# I need info on visitor pass



## Peter_cph (Oct 11, 2013)

Hi, I am a danish citizen. my filipino wife is working in Malaysia already for 6 years with working permit and all that.
We got married in her homecountry 5 month ago. 

We are still not sure if it was against the rules of her work visa that she got married. can anyone tell me more about that please?

I need to know if she broke any rule by getting married, cos we want to apply for a visitor pass for me.

just yesterday I got held up in immigration in KL airport after returning to Malaysia. They gave me a 2 weeks visa and a stamp that said I have to go to the nearest immigration office within those 2 weeks to apply for visitors pass. 
the reason: I have been entering Malaysia 2-3 month at the time, several times the past 2 years.

So my questions:

1. was my wife even allowed to marry me according to her visa rules as a foreign worker?
(we are quite sure she could not marry a local or another foreign worker according to her visa rules, but I am neither, so we want to know if the "can not marry" rule also apply when she married someone who dos not live in Malaysia)

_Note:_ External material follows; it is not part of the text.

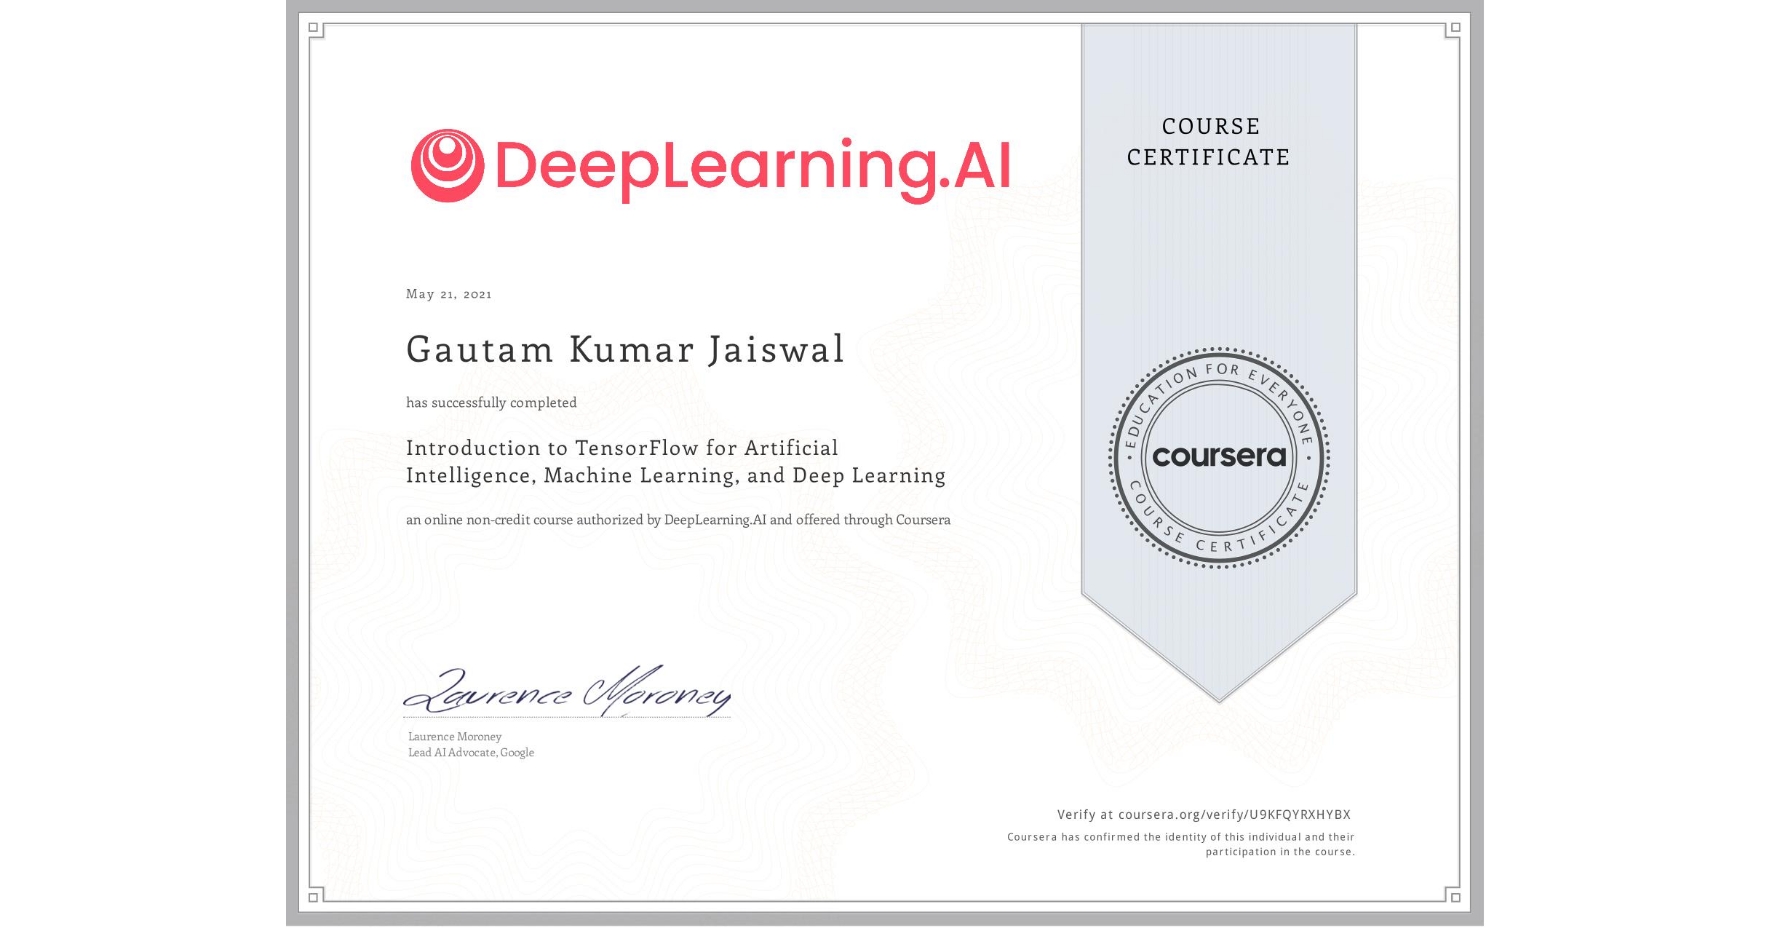 Gautam Kumar Jaiswal | Introduction to TensorFlow for Artificial Intelligence, Machine Learning, and Deep Learning

2. What will happen when I go to local immigration office within the next 2 weeks if: I say Im married to her and it turns out she was not allowed to marry? 
or would I be able to get visitors pass if I tell them we are engaged? anyway the marrige hasn't been confirmed anywhere else than the cityhall in philippines...

3, Will I be able to get a tourist visa if I just leave the country within the 2 weeks and re-enter?

I only need another 40 days here as we are planning to move to spain after that.
please help with some answers. 
I know I did wrong but at the time I didnt see any other options if I wanted to be with my wife. Also I never did any work in Malaysia, I have income from Denmark still.


----------